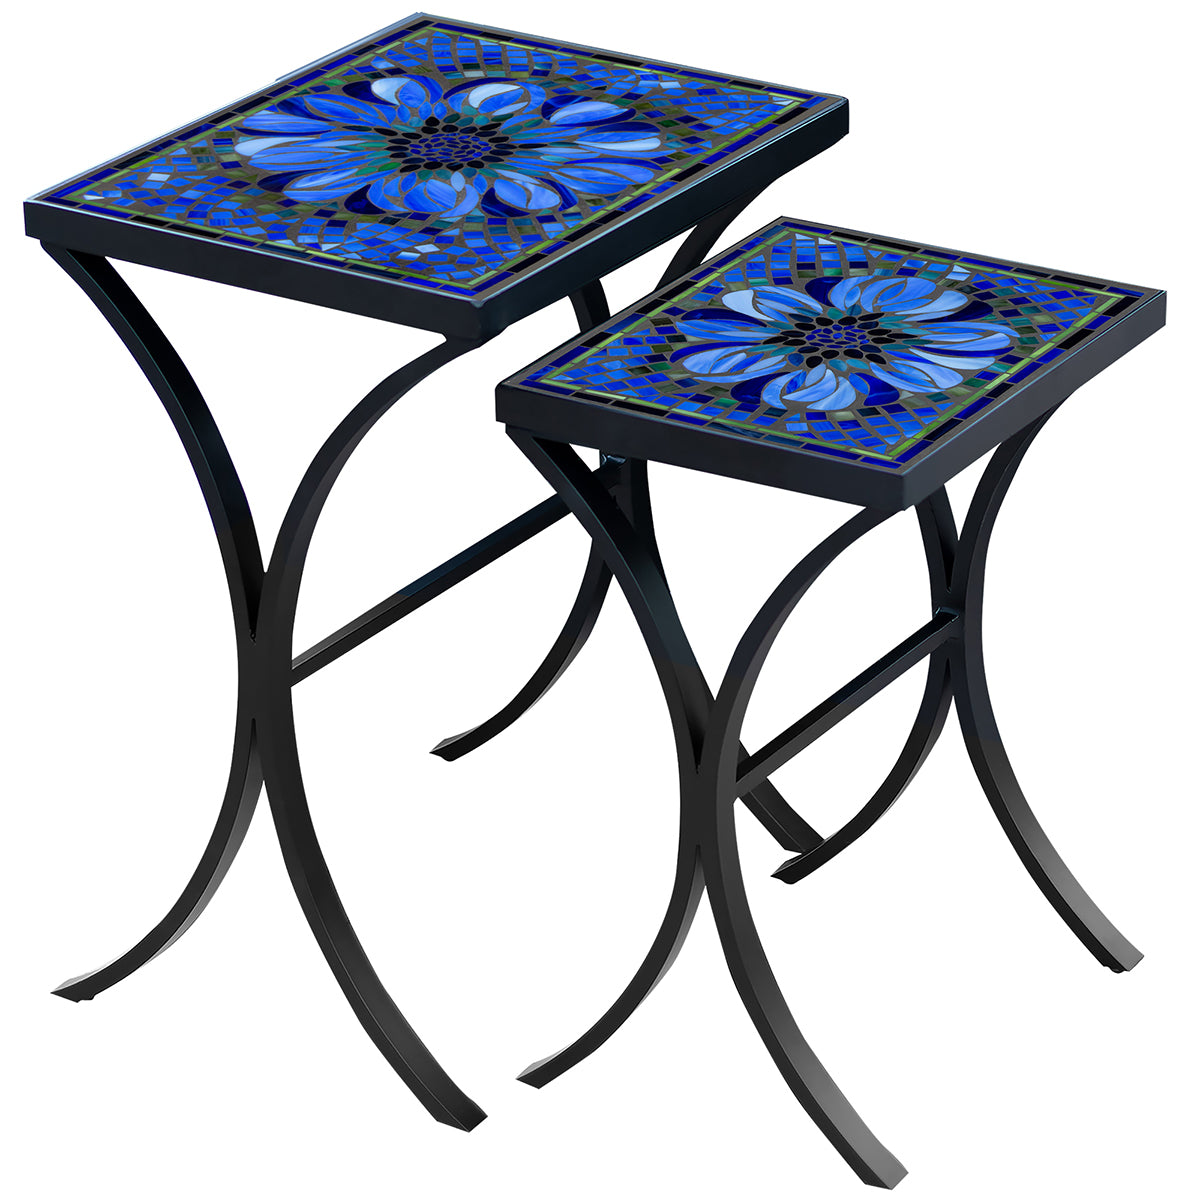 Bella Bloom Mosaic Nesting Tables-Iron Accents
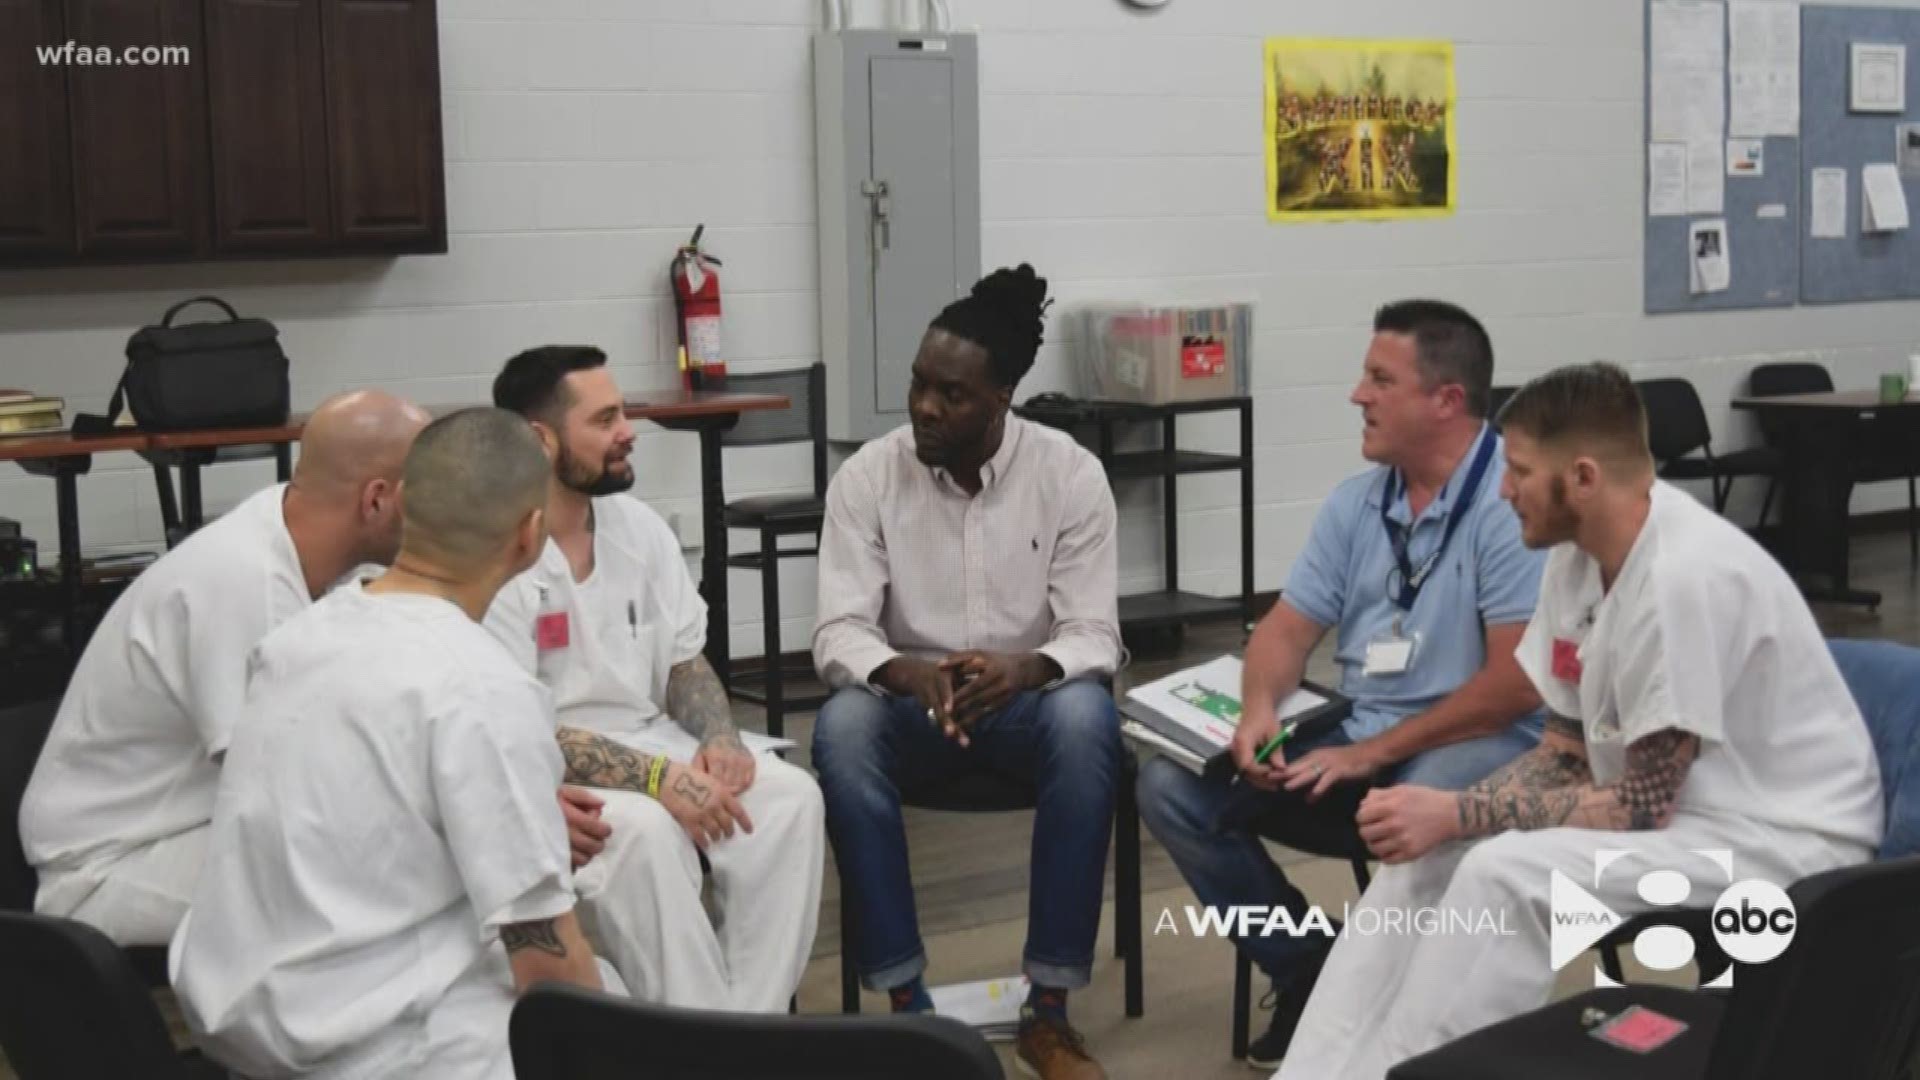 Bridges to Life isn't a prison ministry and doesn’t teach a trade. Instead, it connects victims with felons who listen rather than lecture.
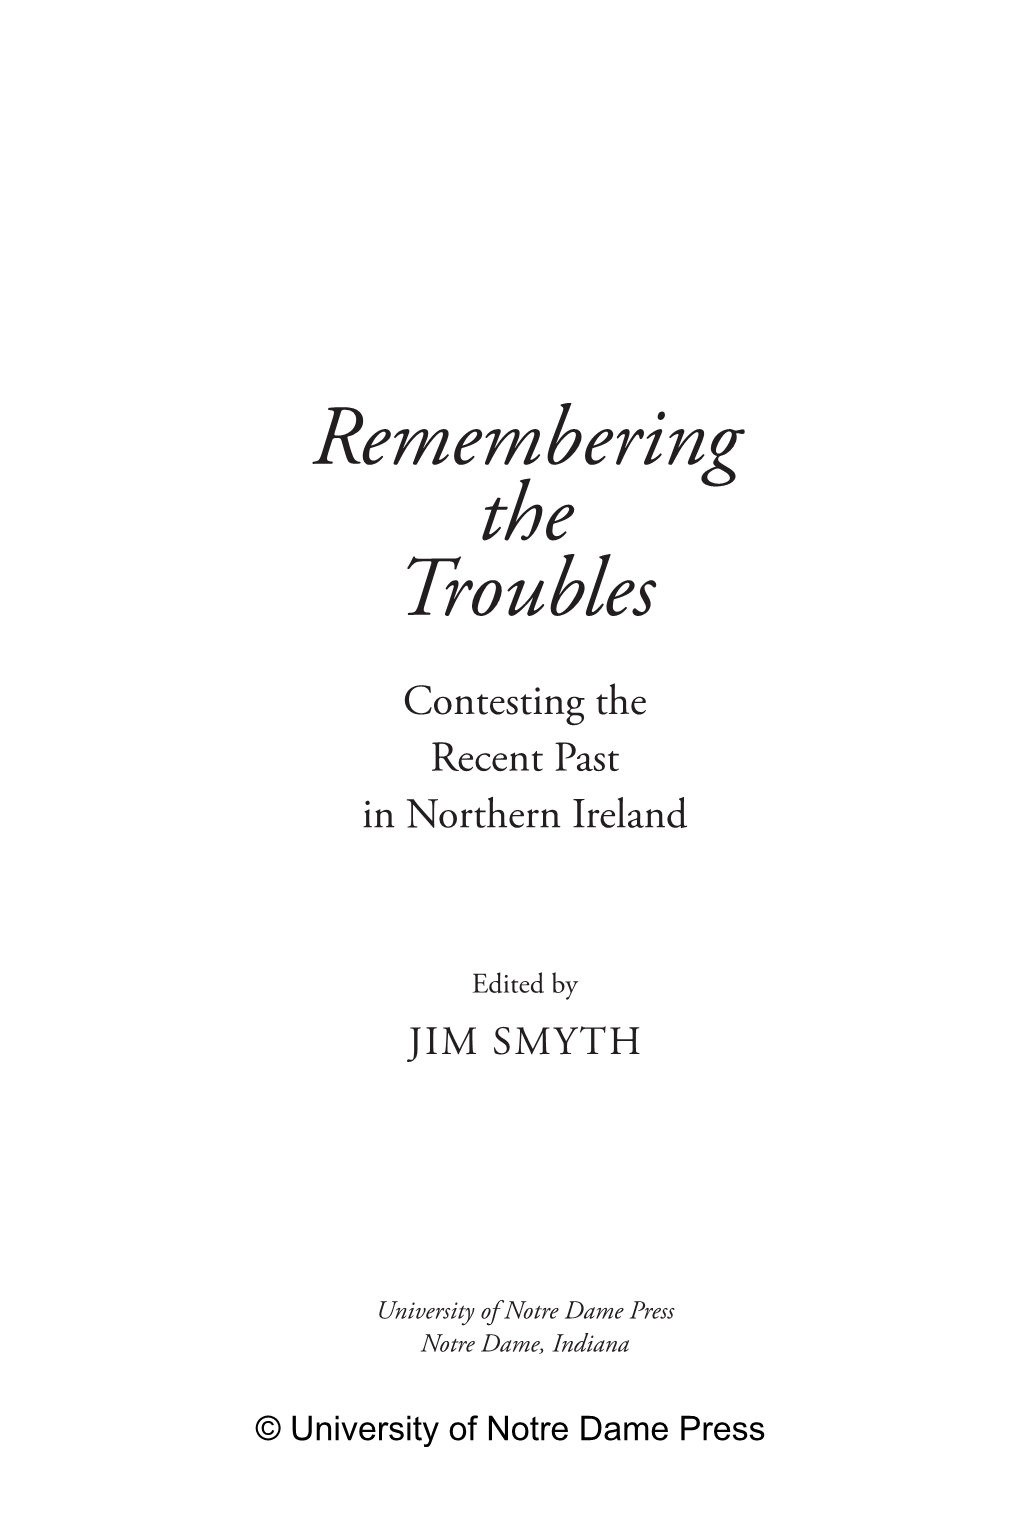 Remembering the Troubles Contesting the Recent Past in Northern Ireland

━━━━━━

I would like the material above returned exactly as it stands, without its pictures.

 Bella Bloom Mosaic Nesting Tables-Iron Accents
 Bridges to Life isn't a prison ministry and doesn’t teach a trade. Instead, it connects victims with felons who listen rather than lecture.
 Remembering the Troubles Contesting the Recent Past in Northern Ireland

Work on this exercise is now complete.